The Amazing Emotive Power of Music.

Friday evening traveling south down Highway 6 along the Brazos River bottom. North of Bryan I pick up NPR and Terry Gross and a twenty-year-old interview with Sam Charters, the musicologist. He is talking about traveling the South as a white man during the middle of the twentieth century buying and recording the music of African Americans. In many Southern communities, the mere incident of a white outsider seeking black artists made them objects of suspicion for the local authorities. Charters is an old radical, but his account rings true. He even seems to understand that the cultural chasm was so wide and deep that he never really knew or truly connected with the people he recorded.

I am rolling by old towns, farmland and ancient houses that date back to when cotton was still king during the early twentieth century in Central Texas. As the echoes fly by me at seventy miles an hour, Charters tells the story of his re-discovery of Texas native, and blues legend, Sam Lightnin' Hopkins during the 1950s.

Lightnin' picks and moans:

Mmmmmmmmmm, the blues come down on me
Lord, have mercy, child
Po' Lightnin' can't hardly keep from cryin'
Yes, the blues'll make you cry, I know how you feel
Whoa, Lord have mercy,
po' Lightnin' can't hardly keep from cryin'
Well, I'm just wonderin' will I ever make it back,
to that old native home of mine?
Please, take me with ya when you go, Lightnin'
Lord have mercy


I know a lot of old white guys who will tell you that the way things were back then wasn't right, even as they remain frustrated with the way things are now. Too much freedom now and not enough responsibility.

Our racial history is depressing. Darkness moves over the rolling hills. Was every white person in the South a bastard?

Twenty-four hours later. Same piece of highway. On the way back home. Same country, different musical genre--but not unconnected: Hank Williams and Johnny Cash CDs provide the audio ambience inside my fuel-injected, climate-controlled, junior class SUV.
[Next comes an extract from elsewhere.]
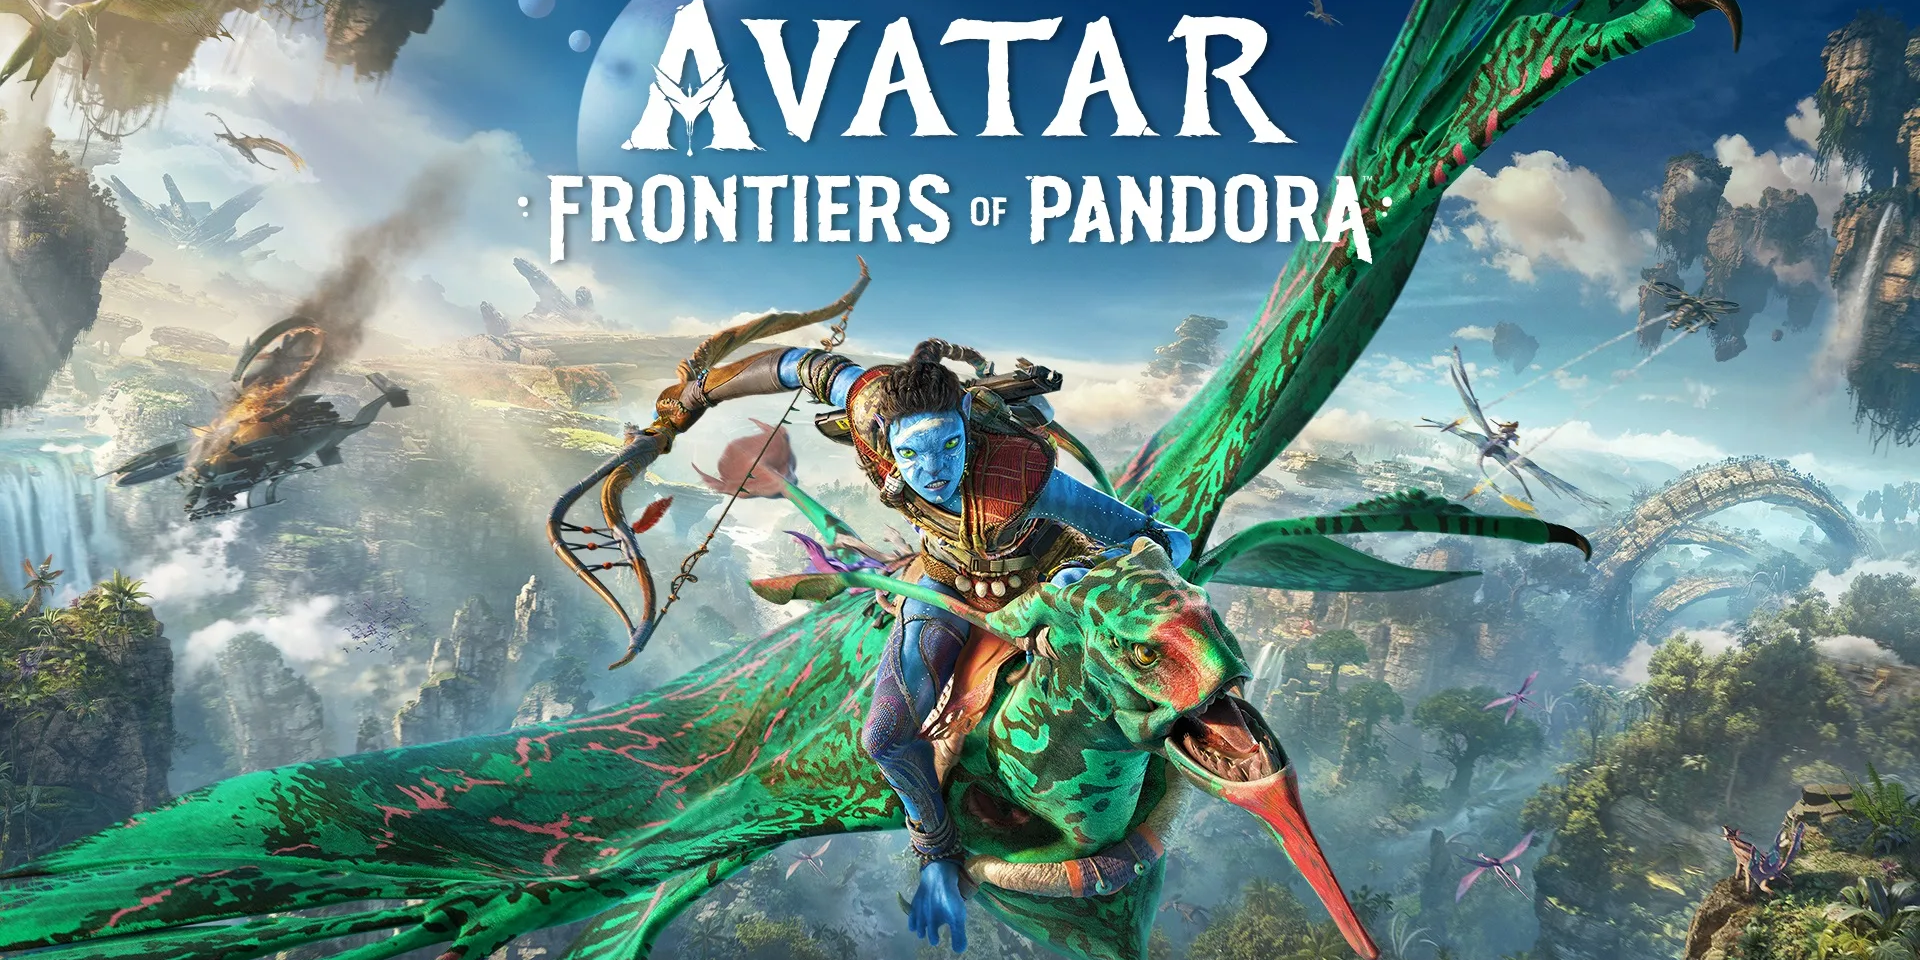 Avatar Frontiers of Pandora Na'vi Warrior Ikran Mountain Banshee Cropped

An oppressed and lost Alabama man moans the blues this time:

Hear that lonesome whippoorwill
He sounds too blue to fly
The midnight train is whining low
I'm so lonesome I could cry

I've never seen a night so long
When time goes crawling by
The moon just went behind a cloud
To hide its face and cry


So many of the same problems. Perhaps they weren't monsters. The countryside is springtime green and bright again. I am headed north. Getting closer to home. Sam Charters, raised in a different culture, could not hope to understand the black experience down South back then. What about me? "The past is a foreign country; they do things differently there" (L.P. Hartley). Can I ever hope to understand the complexity of race in my ancestral home?